Jarosława Kaczyńskiego polityka męczy. Myślę, że jest w niezłych tarapatach, bo pewnie innej roli dla siebie nie widzi. Co miałby robić w życiu?
Brak mu odwagi, a sytuacja wydaje się beznadziejna. Stąd tyle w nim desperacji. Tyle rozczarowania. Tak mało elastyczności i świeżości w myśleniu. Coś się wypaliło, coś skończyło. Z nikąd oparcia. Jedynie potakiwacze i wrogowie.
Znaczna część wyborców jest prezesem PiS zmęczona. Męczy ich jego przewidywalność i radykalizm. Mnie jego tyrady na cały świat także męczą. Są tak intesywne, że na plan dalszy schodzi wszystko to, co PiS miałby elektoratowi do powiedzenia.

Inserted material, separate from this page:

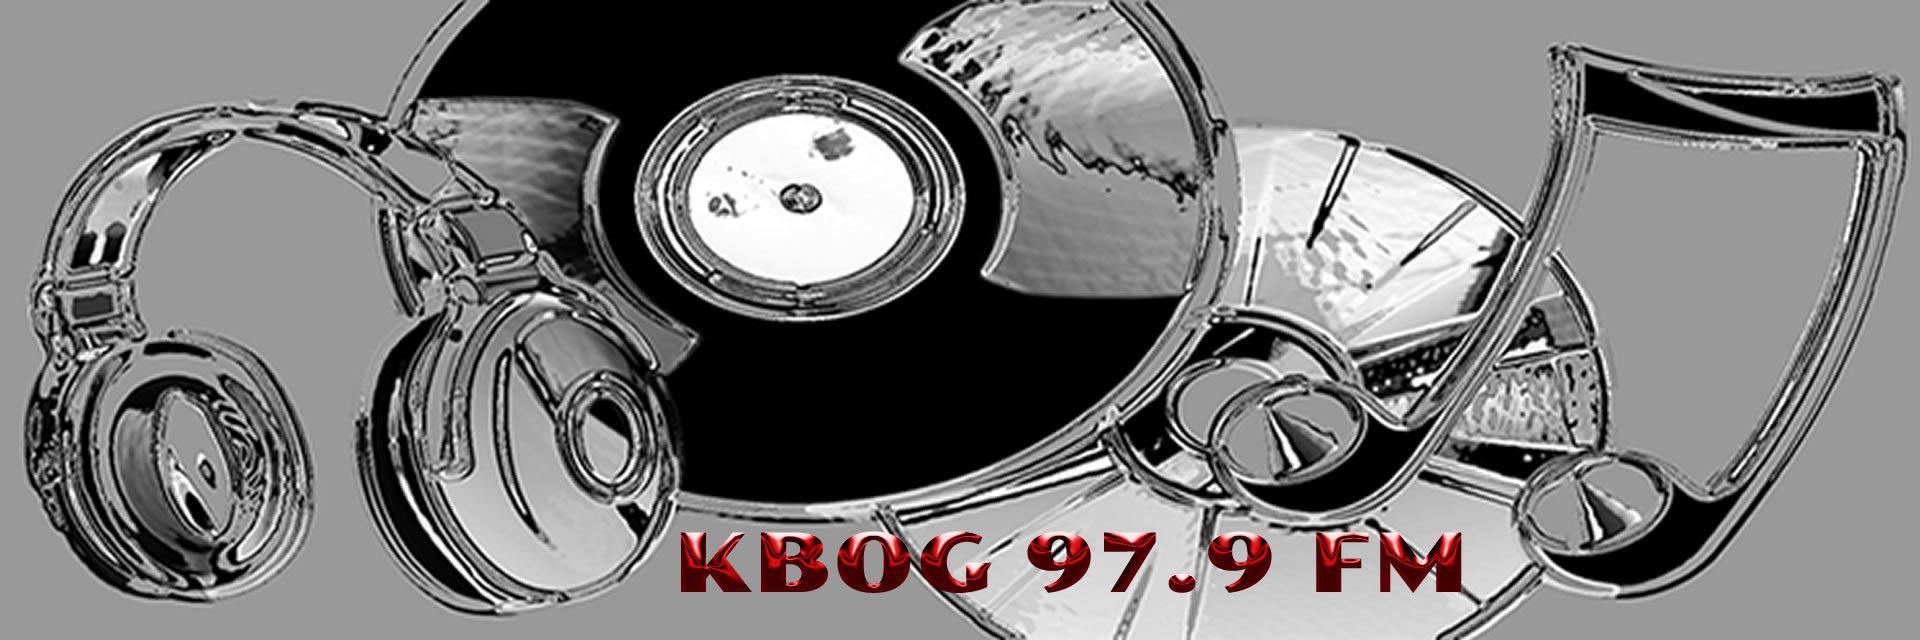 KBOG 97.9 FM

Czas odpocząc, udać się na odpoczynek. Cieszyć się życiem, odnaleźć przyjemność w drobiazgach. Łowienie ryb, podróż do słonecznej Italii, pisanie książek? Nie żebym od razu sugerował dzienniki, w duchu mrożkowskiej odważnej autoanalizy, tak zaskakująco w kontrze do powszechnego wyobrażenie prozaika.
W to, że Jarosław Kaczyński pozwoli na wgląd w swoją osobowość, opowie o pasjach, wątpliwościach i zwyczajnych małych rozczarowaniach, nie wierzę. Choć naiwnie czekając na niepolukrowane autobiografie Wałęsy, Michnika, czekam też, a jakże, na szczere wspomnienia Kaczyńskiego. Przez tyle lat rozdawali w polskiej polityce karty. Już wystarczy. Czas ich minął.